We can stop promoting it's rapid onset.

But I stopped arguing Global Warming a long time ago, most of the changes proposed serve more than to just stop AGW.  We need to stop polluting the planet period.  We need to start curbing our addiction to fossil fuels, especially foreign oil for the sake of national security.  There is practically a continent of garbage floating in the Pacific Ocean.  Other countries are way ahead of us on this and if we don't get with the program we will find ourselves in a world of hurt. In Japan they can't turn on the Air Con until the temp hits 83F, in the US places have the AC cranking full blast when its 70F.  We are wasteful simply put and it makes us look stupid.


----------



## troubador (Aug 9, 2012)

Dale Mabry said:


> Certainly you don't believe every cost to benefit analysis is the same as Pascal's wager.

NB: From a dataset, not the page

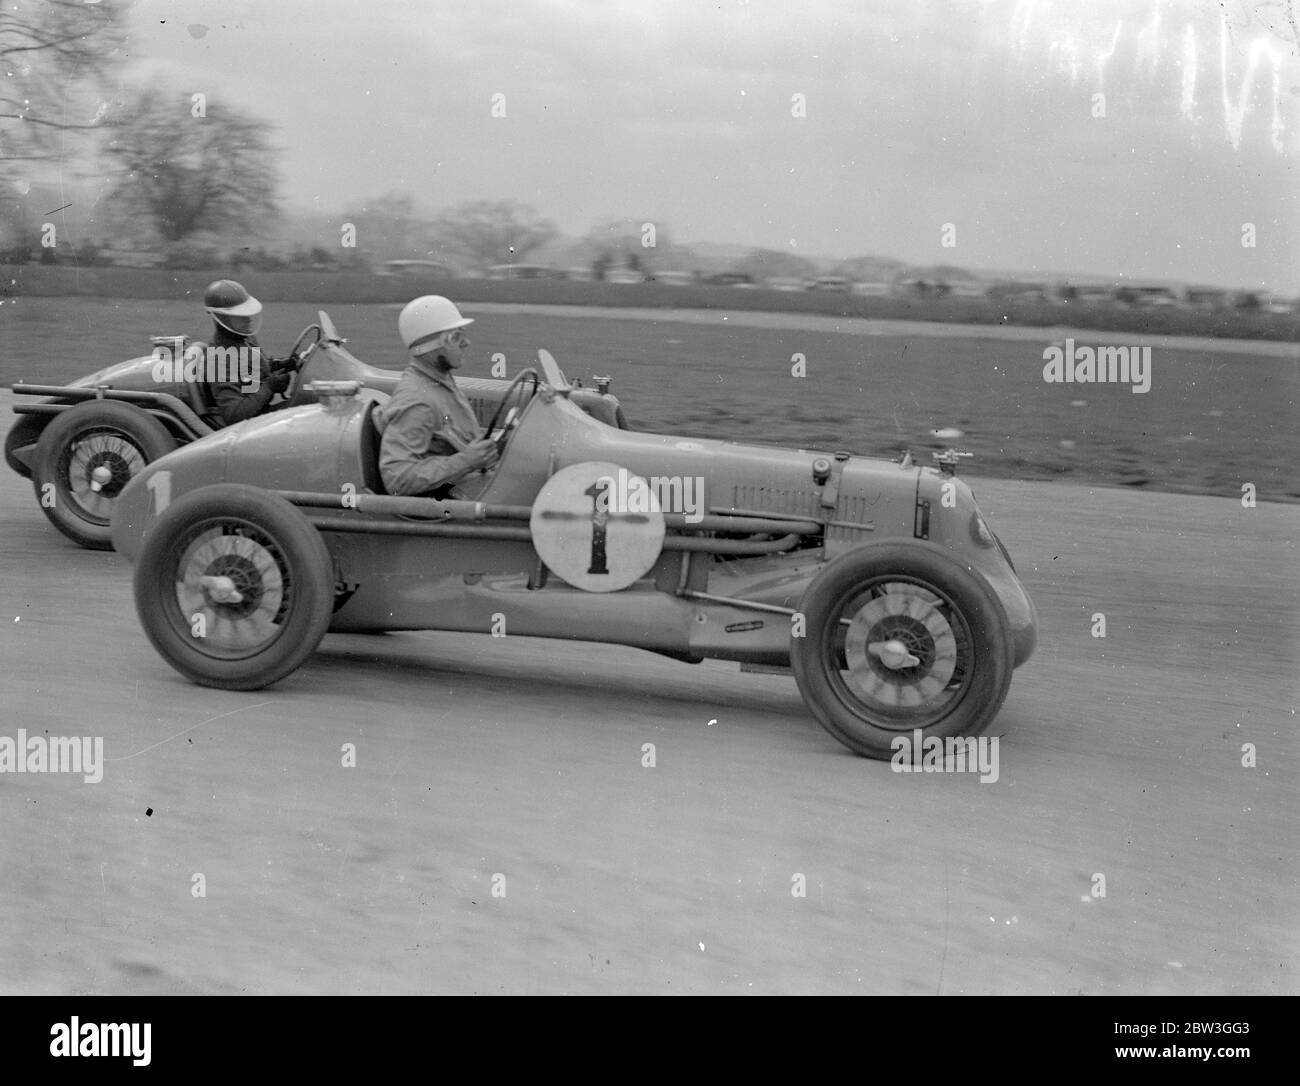 Seemann fahren einhändig, gewinnt British Empire Road Race. Fahren witout Erleichterung für die ganze 250 Meilen der Strecke, R J B Seaman (Maserati) gewann das British Empire Trophy Race, das erste große Autorennen der Saison in Donington Park, Derby. Er durchschnittlich 66.33 Meilen pro Stunde. P S Fairfield (E F A) war Zweiter und W C Everitt (Alfa Romeo) wurde Dritter. 27 der besten Fahrer Großbritanniens traten an der Veranstaltung an. Foto zeigt, I F Connellun, M G Midget und Al Esel (connera). April 1936 Stockfoto

No, just yours(and Pascal's).

The Dale Mabry cost to benefit analysis of climate change:

Benefit: No idea.

Cost: A few people at the top of the socioeconomic food chain will have to be responsible ($214,569,562,421.13).





> Besides, Pascal's Wager relies on so many assumptions it's ridiculous. It assumes that if there is a God he gives a fuck. Why does he have to give a fuck? Why can't God just be a simple experimenter performing a giant experiment? It assumes that if you don't believe you are going to hell. Why? What evidence is there that this will happen? Has a precedent been set to where we know without a shadow of a doubt that if you don't believe in God you will rot in hell?




Instead of answering these one by one it's better to just explain the logic of Pascal's wager. The substantive argument in Pascal's wager is alluded to in the name(wager). It's a gamble where the payoff is so high and the investment is so relatively low that the odds of winning the hand are greatly superseded. 

The best example is 'pot odds' in a poker game: Let's say you're in a poker hand, the river comes and all you have is Ace high and you think the other guy has a 'straight'. There is already $15,000 in the pot. The other guy bets $5 and that's all you have to call to complete the hand. At this point the payoff relative to the investment is so high that it is logical to call no matter what hand you have. 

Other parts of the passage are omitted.